Once again Wheatley paused as in deep thought, and then replied coolly, “Admiral,” said Wheatley, “may we speak in private?”
Inside a private office in the bowels of the NSA, Wheatley said to Admiral Russell, “I don’t know how much I can say with your technical people out here. The President is trying to keep this very close and...”
Admiral Russell took advantage of Wheatley’s interruption of thought and broke in, “Director Wheatley, excuse me but I think you’re looking for a nuke...is that true?”
Wheatley exhaled a deep breath and allowed, “I’m sure you’re cleared for this, I didn’t know about your technicians, but yes, that’s what we think. We think it was brought in from North Korea, maybe as much as six months ago. Our best intel is we don’t know for sure it’s here and we damned well don’t know where it may be. I realize this is thin, but we feel our source is solid.”
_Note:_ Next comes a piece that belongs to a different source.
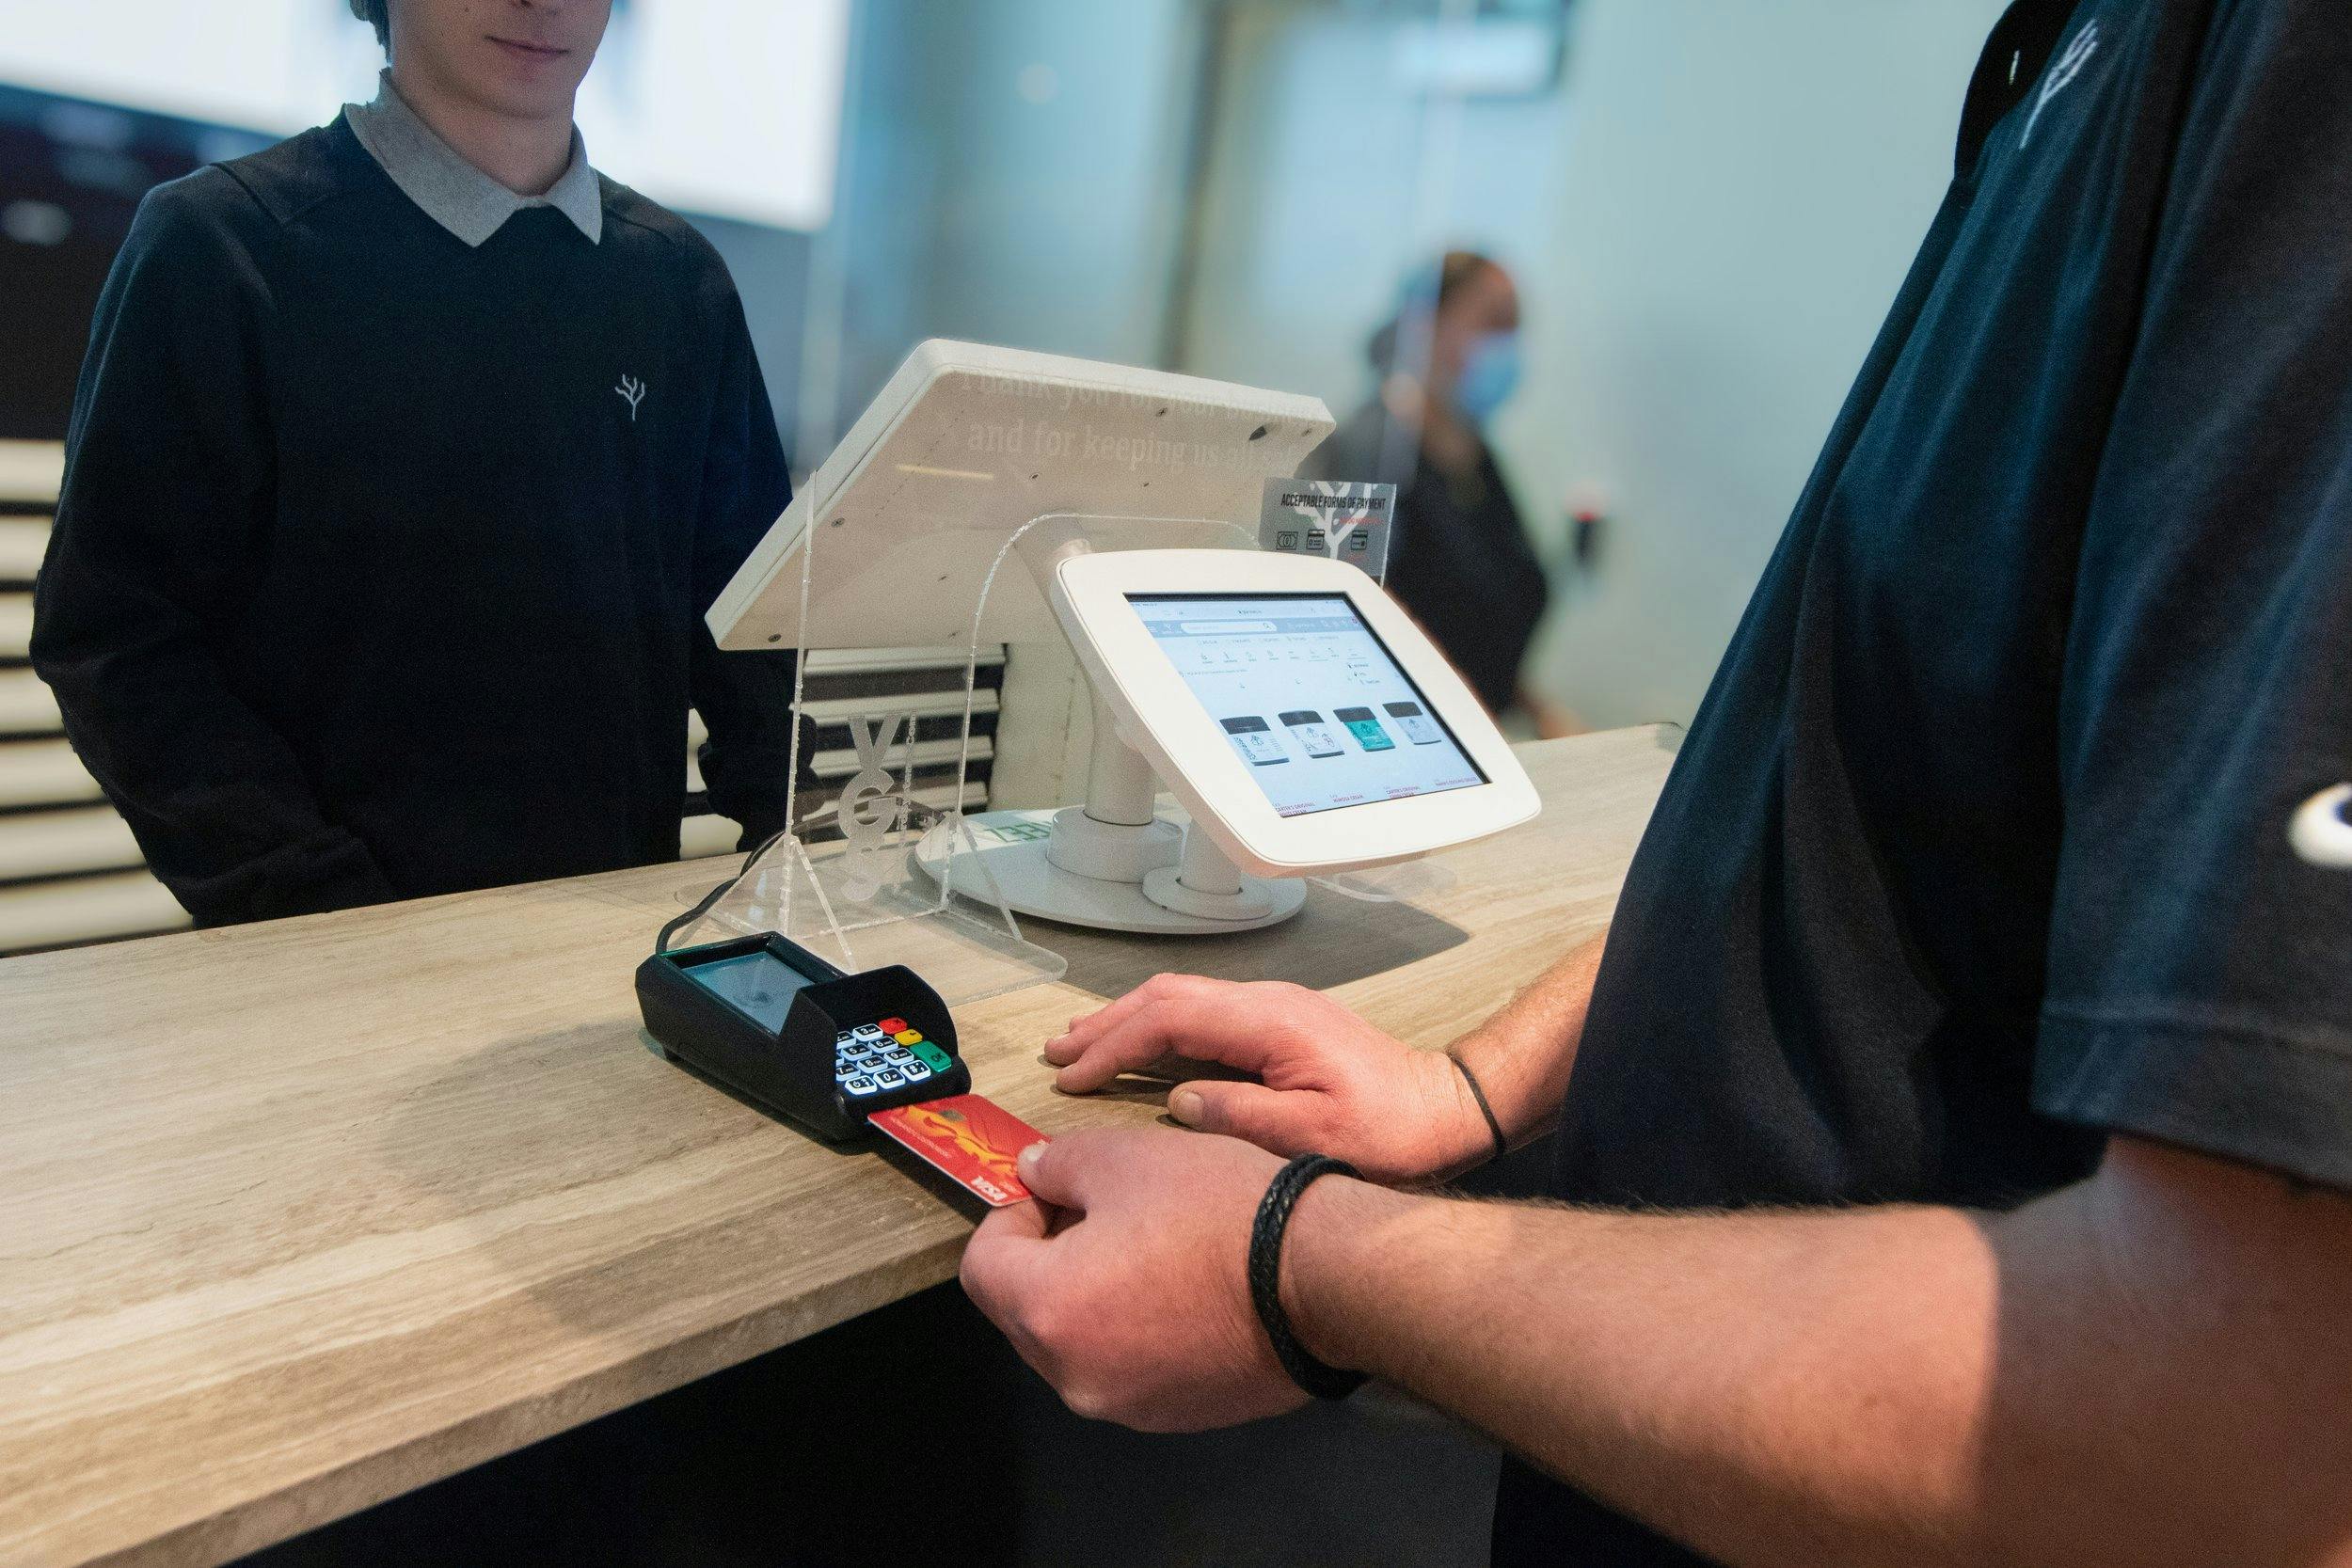 A customers at Garden of Eden dispensary pushes their debit card into a terminal to pay for their cannabis with a card

“Okay, but we can handle the containment on that, and it helps to know what the specific contraband is and where it came from,” replied the Admiral. “For your information, I did get a call from Philip Johnson telling me this was a balls-out project, so we’re on it right away. We work twenty-four-seven around here, so I’ll let you know the minute we get something tangible. You’ll be amazed what these people and our software algorithms can do with just a minor clue,” he concluded.
*
Ibrahim al-Faisal was a product of the Palestinian refugee camps along the Lebanese border with Israel. This is where life began. When he was eight both his parents died before his eyes in shelling between Hezbollah and the IDF. Ibrahim was part of a group of twelve orphaned children shipped off to Iran for their safety. He was soon adopted by a wealthy childless Iranian couple. Al-Faisal was smothered in love by his adoptive mother whose husband paid far more attention to his business than his family. The husband soon became jealous of his wife’s affection for Ibrahim and sent him off to boarding school in England. Aside from holiday visits back to Iran, Ibrahim soon became more at home in London than Tehran. His father insisted he spend as much time at an Islamic mosque as possible and the Imam there took Ibrahim under his wing and created an Islamic home for the bright young man. Al-Faisal earned his college degree in England, but never assimilated into the Anglo culture. Instead he became immersed in the fundamentalist Islamic way of thinking and became a scholar and teacher of Islamic history in the mosque.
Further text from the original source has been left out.